Social Security started out as a ponzi scheme, and it's still a ponzi scheme. it was never a pay-as-you-go system, the first recipients never paid in a dime.
It was morally wrong to begin with, and it hasn't changed.
Explain what's "fantastic" about forcing a person to pay 15.4% of his income into a scam that yields a rate of return under three percent when that same money could be earning three times that in the equities.
Explain what's moral about taking money from people that are working for it now to buy votes from people that aren't working anymore.
RightatNYU said:
And I really don't care whether you give a crap about the poor man. We live in a republic, and the way it works is that everyone votes, and whatever happens, we all live by.

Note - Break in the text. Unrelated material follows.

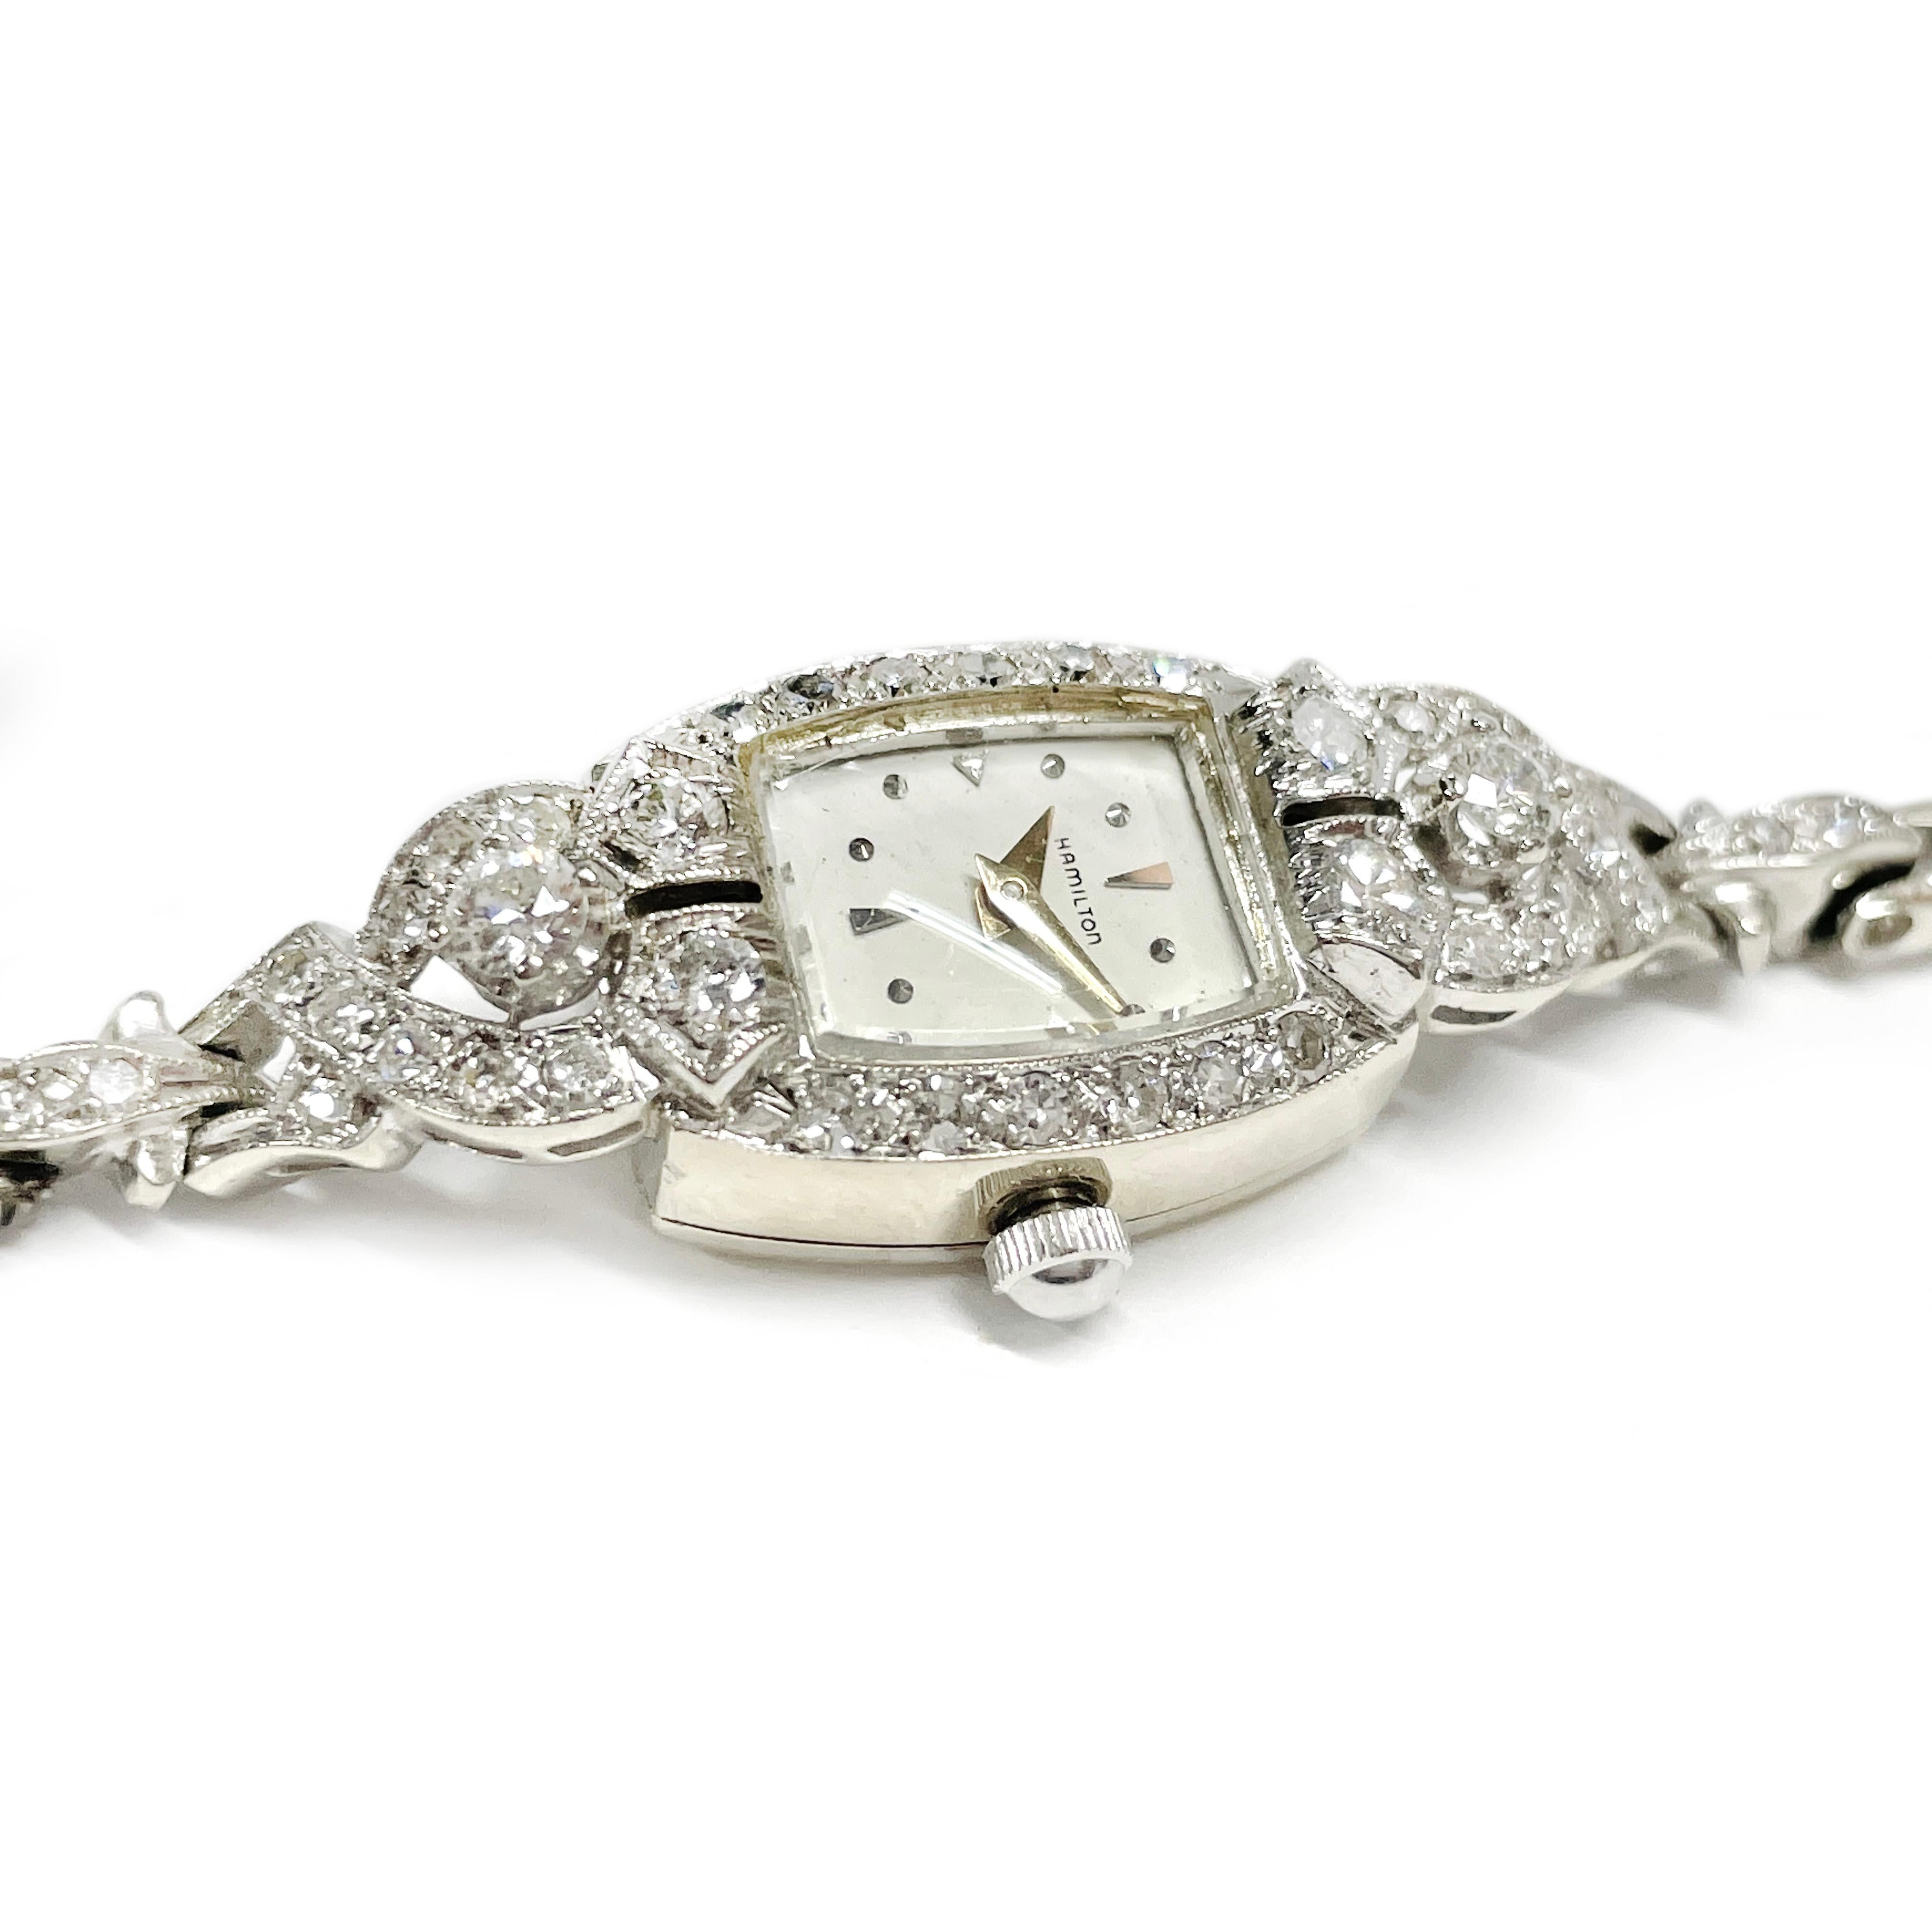 Vintage Art Deco Hamilton Ladies White Gold Diamond Bracelet Watch. Das abgerundete, rechteckige Zifferblatt ist mit runden Diamanten umrahmt und mit Stunden- und Minutenzeigern aus Gelbgold versehen. Diese schöne Damenuhr funkelt mit insgesamt

No, we live in a republic and the way its supposed to work is that people carry their own burdens. Unless you find it acceptable for someone to rob a bank and keep the money, you can't justify the same immorality when a mob of people called 'voters' does the same thing to everyone else. Stealing is stealing is stealing.
RightatNYU said:
So, if you don't want to support poor people, don't vote for people who do.
Oh, so since I don't vote for the thieves, I should be exempt from the theive's taxes? You do realize that this second sentence totally invalidates the first sentence your paragraph, right?
RightatNYU said:
Your trite "forcing me to do so at gunpoint is an immoral act" is a weak argument. What about those who don't support the military? Is making them pay taxes that go to the military immoral? What about those who are anarchists? Should they be exempt from all taxes?
Is it? or are you throwing that out in the presumption that I'll find some point of disagreement?
1) Technically the military is a legitimate function of government, intended to protect all persons equally. It has Constitutional grounding, a logical existence, and a definable purpose. But hey, I know what we can do. Instead of just taking money away from people, we give them a flat tax rate, plus a form listing all the things they want their money spent on. They fill in the percents and those programs get paid that percentage, nothing more.
I'd be willing to bet that the military remains suitably funded, the old codgers and the welfare maggots don't. But that would be a reasonable thing to do, so it won't happen.
2) Since the government shouldn't be providing "services", why should an anarchist or anyone else be paying for them?
RightatNYU said:
As always, if you don't like the policy, work to change it, put up with it, or leave the country to avoid it.
Ah, the boring old "don't like it leave, I'm a blind flag waving fool" argument.
You apparently have some discomfort over my exercise of the First Amendment. I suggest that the First Amendment is even more important than the Sixteenth and that you get over it. Skip my posts if you can't argue better. I see you've failed to justify the morality of taxation, you've merely said "taxes exist, pay them or get out."